There's something about these attractions that brings out the annoying in the
Disney Imagineers and composers. "Pirates of the
Caribbean" has its marauding buccaneers sing a catchy chantey -- most of which is unintelligible except for its
repeated lines of "Yo ho! Yo ho! A pirate’s life for me!" and
"Drink up, me hearties, yo ho!" And the less said about the
endlessly-rendered title song of "It’s a Small World," the better (try getting that one out of
your head, now that we've mentioned it). We must admit, though, we were
actually fond of the Carousel of Progress’s "There’s a Great Big Beautiful Tomorrow" -- which may be one of the reasons the attraction
was closed at the original Magic Kingdom in 1973 (though it survives at Walt Disney World).

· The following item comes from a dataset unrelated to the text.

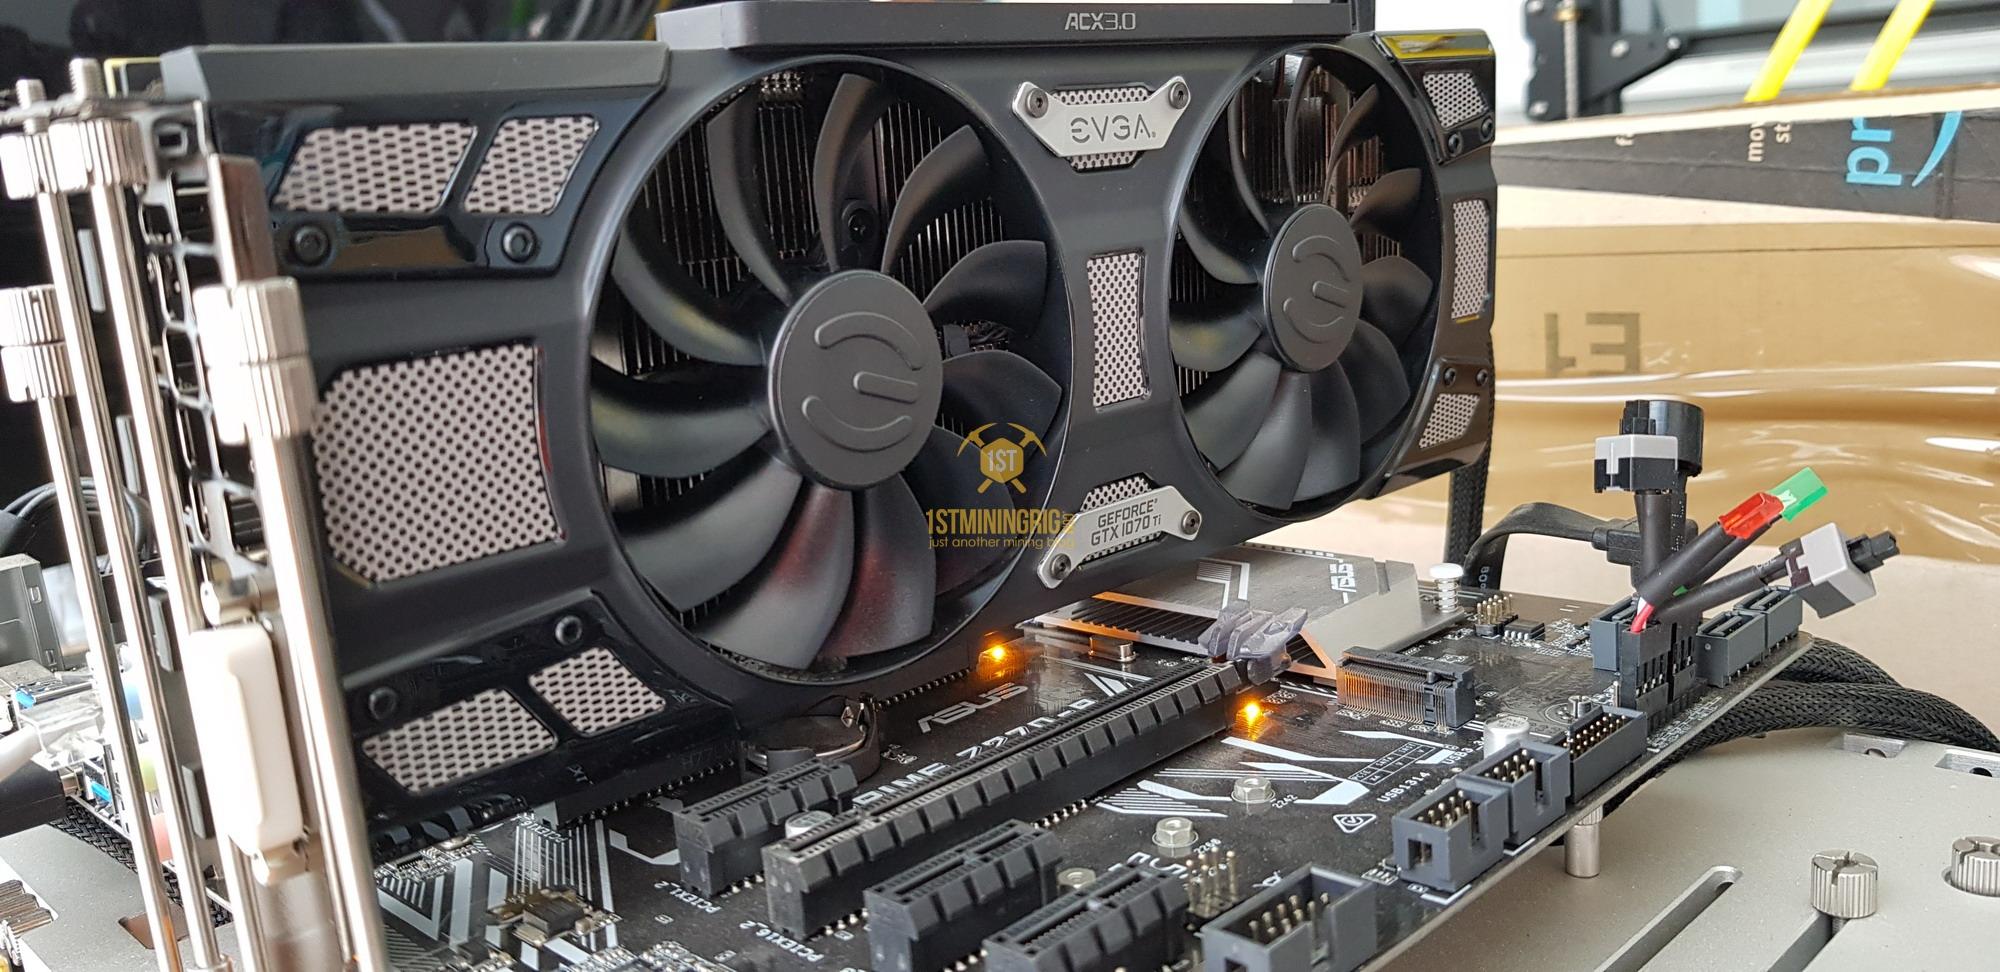 EVGA GTX 1070 Ti SC Gaming Black Edition - Mining Performance and

In recent years, the technology has improved. The original version of the
Tiki Room featured a behind-the-scenes array of computers that filled an entire
room, with vast machines that hummed, clicked, and whirred (one assumes that
a single well-equipped laptop could take the place of all those machines
nowadays). "Great Moments with Mr.
Lincoln" has gone through many iterations at Disneyland, and has been supplanted at Walt Disney
World with the "Hall of Presidents," which allows Americans to see plastic robots that grotesquely impersonate the U.S.'s past and
present chief executives -- and even to hear Bill Clinton, George W. Bush, and Barack Obama provide their own voices!
Given Disney's genius for combining earworms and Animatronics makes us grateful that they didn't apply
it to the Presidents. The prospect of hearing Mr. Lincoln serenading Jefferson Davis with a tune called something like "Keep a Civil
Tongue in Your Head" is tempting, but too much to bear.